Блок разговаривал с мамой, которая была в молодости очень остроумной и живой собеседницей, любившей поспорить, пусть зачастую и очень парадоксально. Блок говорил о своих чтениях, о взглядах на искусство, о том новом, что зарождалось и в живописи, и в литературе. Мама с азартом спорила. Я сидела и молчала, и знала, что все им говорится для меня, что убеждает он меня, что вводит в этот открывшийся ему и любимый мир – меня. Это за чайным столом, в столовой. Потом уходили в гостиную, и Блок мелодекламировал «В стране лучей» А. <Н.> Толстого под «Quasi una fantasia»[12] или еще что-нибудь из того, что было в грудах нот, которые мама всегда покупала.
Мне теперь нравилась его наружность. Отсутствие напряженности, надуманности в лице приближало черты к статуарности, глаза темнели от сосредоточенности и мысли. Прекрасно сшитый военным портным студенческий сюртук красивым, стройным силуэтом условных, жестких линий вырисовывался в свете лампы у рояля, в то время как Блок читал, положив одну руку на золотой стул, заваленный нотами, другую – за борт сюртука. Только, конечно, не так ясно и отчетливо все это было передо мной, как теперь. Теперь я научилась остро смотреть на все окружающее меня – и предметы, и людей, и природу. Так же отчетливо вижу и в прошлом. Тогда все было в дымке. Вечно перед глазами какой-то «романтический туман». Тем более Блок и окружающие его предметы и пространство. Он волновал и тревожил меня; в упор его рассматривать я не решалась и не могла.
Это ведь и есть то кольцо огней и клубящихся паров вокруг Брунгильды, которое потом было так понятно на спектаклях Мариинского театра. Ведь они не только защищают валькирию, но и она отделена ими от мира и от своего героя, видит его сквозь эту огненно-туманную завесу.

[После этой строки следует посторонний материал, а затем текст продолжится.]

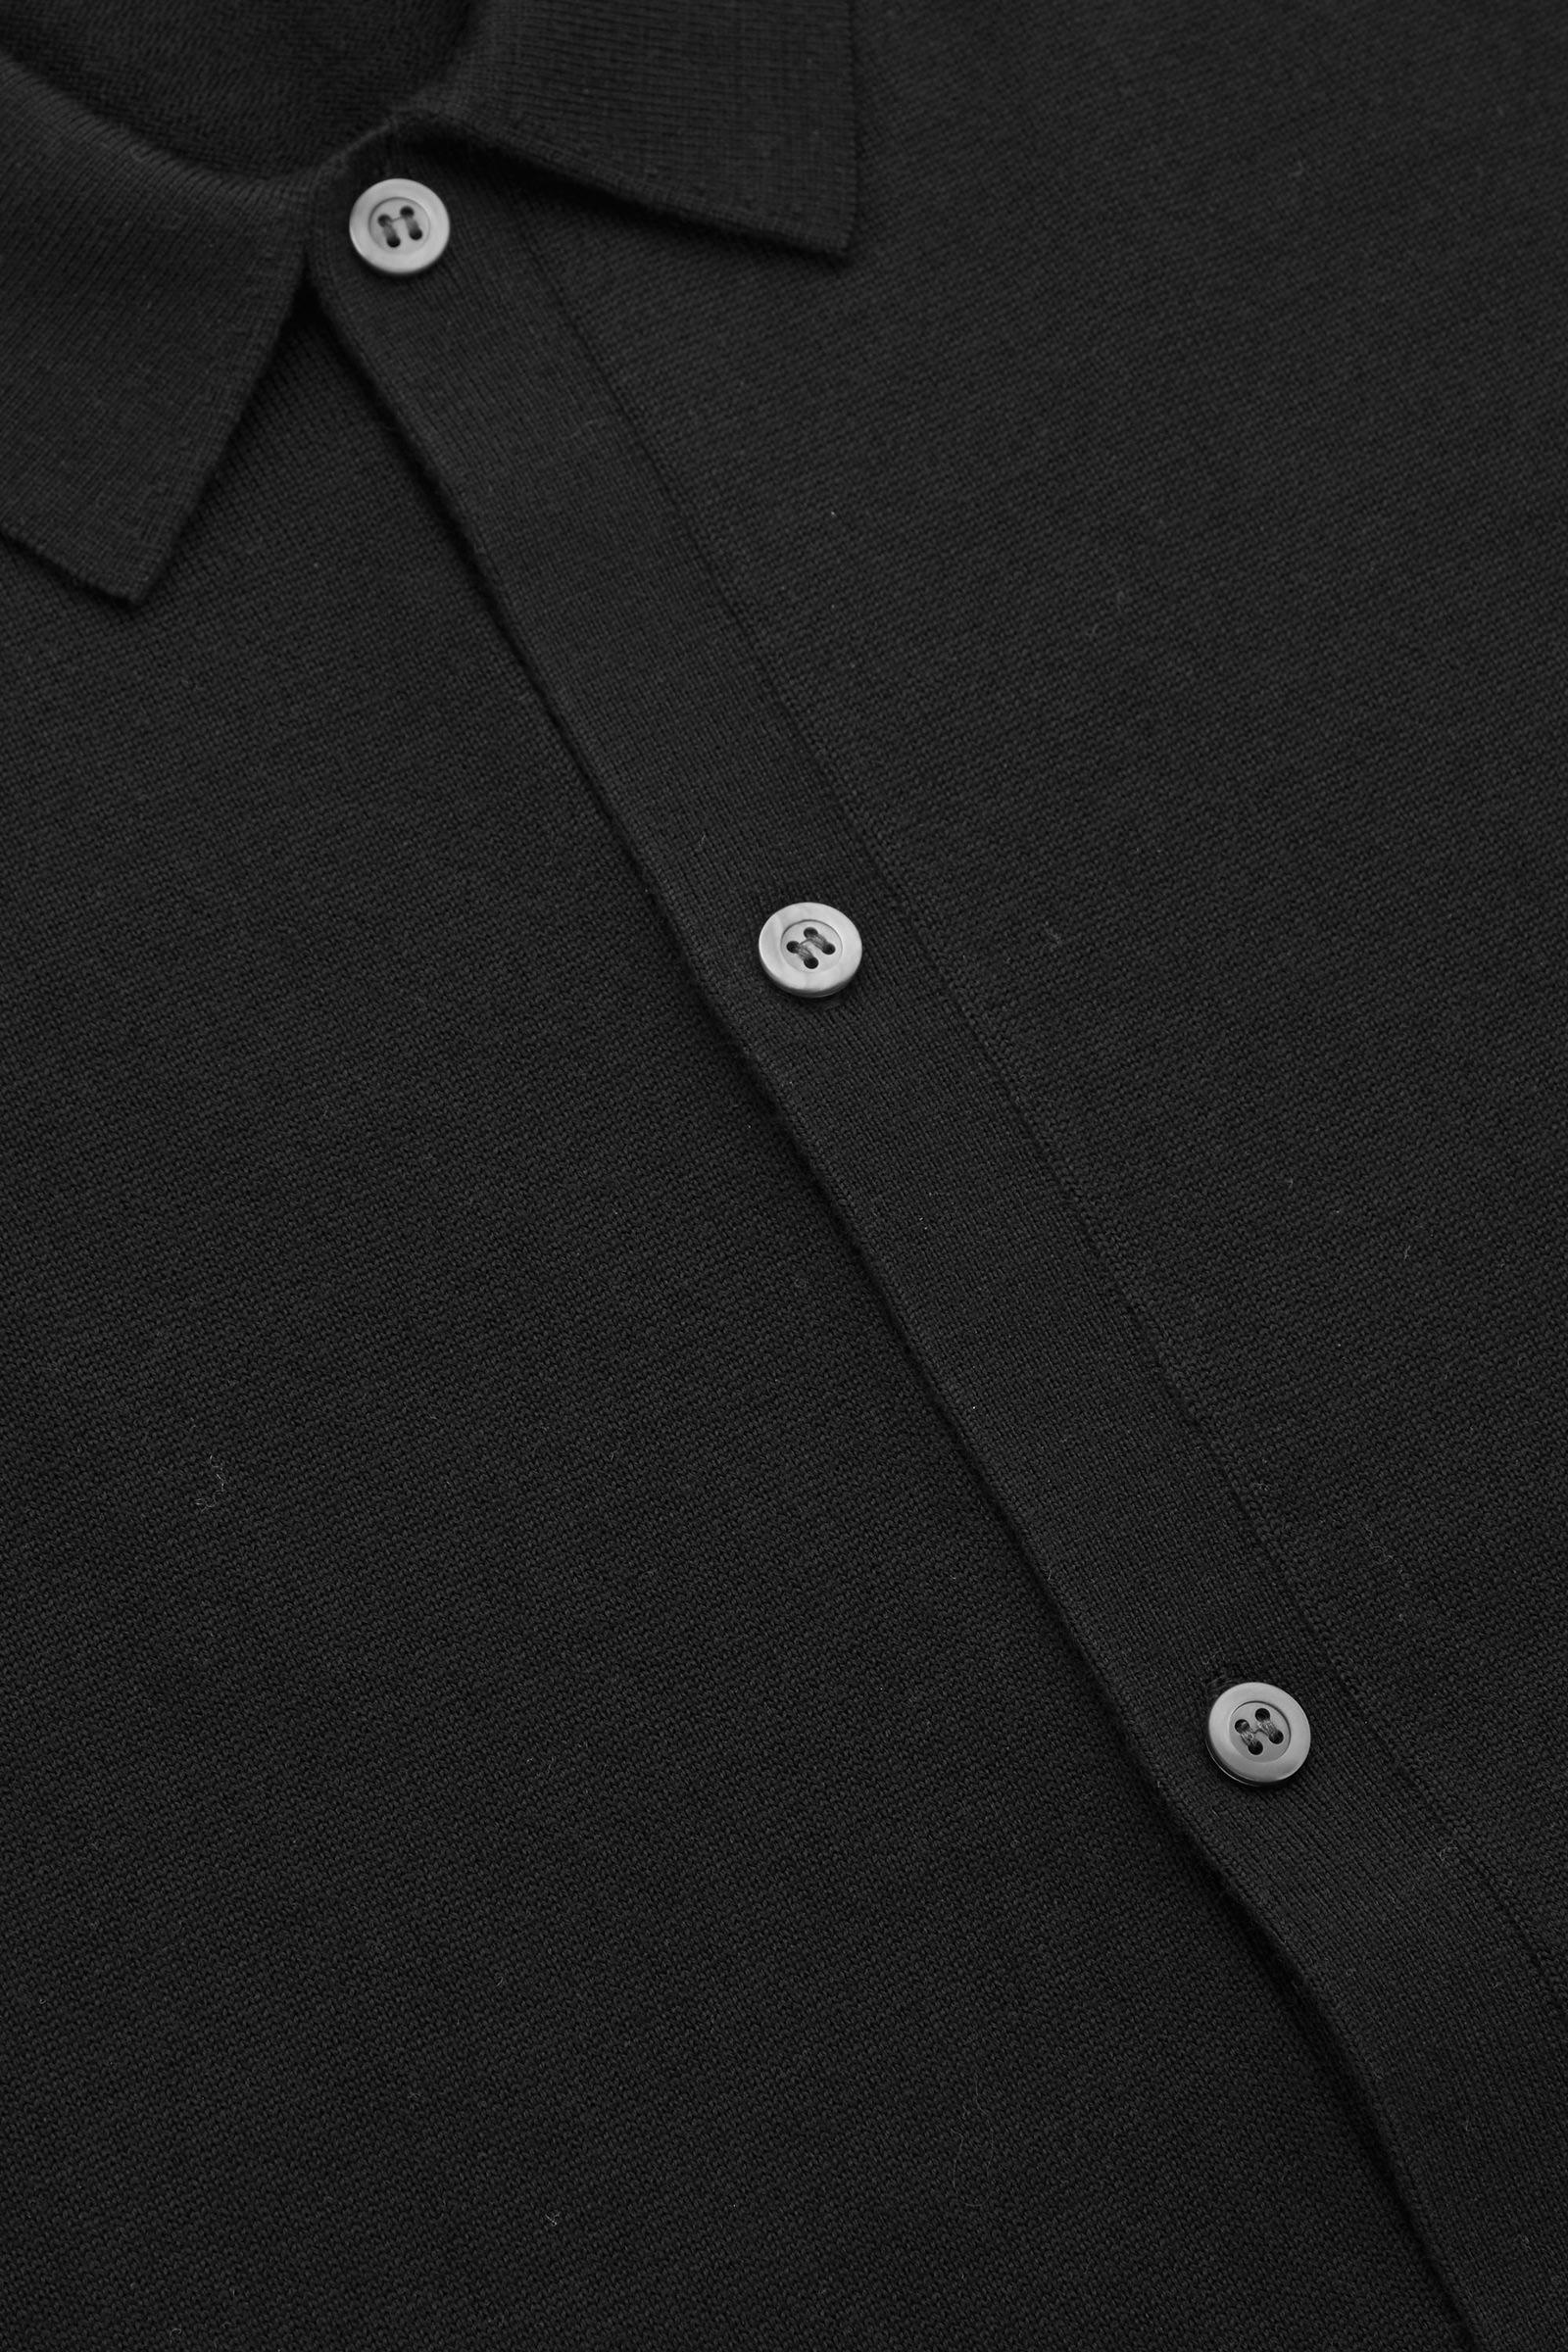 COS 니티드 메리노 울 셔츠의 블랙컬러 Detail입니다.

В те вечера я сидела в другом конце гостиной на диване, в полутьме стоячей лампы. Дома я бывала одета в черную суконную юбку и шелковую светлую блузку, из привезенных из Парижа. Прическу носила высокую – волосы завиты, лежат тяжелым ореолом вокруг лица и скручены на макушке в тугой узел. Я очень любила духи – более, чем полагалось барышне. В то время у меня были очень крепкие «Coeur de Jeannette»[13]. Была по-прежнему молчалива, болтать так и не выучилась, а говорить любила всю жизнь только вдвоем, не в обществе.
В это время собеседниками для серьезных разговоров были у меня брат мой Ваня, его друг Розвадовский и особенно его сестра Маня, учившаяся в ту зиму живописи у Щербиновского, очень в вопросах искусства подвинутая. В разговорах с ней я научилась многому, от нее узнала Бодлера (почему-то «Une Charogne»[14]), но особенно научилась более серьезному подходу к живописи, чем царившее дома передвижничество, впрочем, давно инстинктивно мне чуждое.
Живописи я много насмотрелась в Париже, вплоть до крайностей скандинавских «символистов», очень упрощавших задание, сводивших его к сухой умственной формуле, но помогавших оторваться от веры в элементарные, бытовые формы. Что я читала в эту зиму, я точно не помню. Русская литература была с жадностью вся проглочена еще в гимназии. Кажется, в эту зиму все читали «Так говорил Заратустра». Думаю, что в эту зиму я и читала французов, для гимназистки запретный плод: Мопассан, Бурже, Золя, Лоти, Доде, Марсель Прево, за которого хваталась с жадностью, как за приоткрывавшего по-прежнему неведомые «тайны жизни». Но вот уж верная-то истина: «чистому все чисто».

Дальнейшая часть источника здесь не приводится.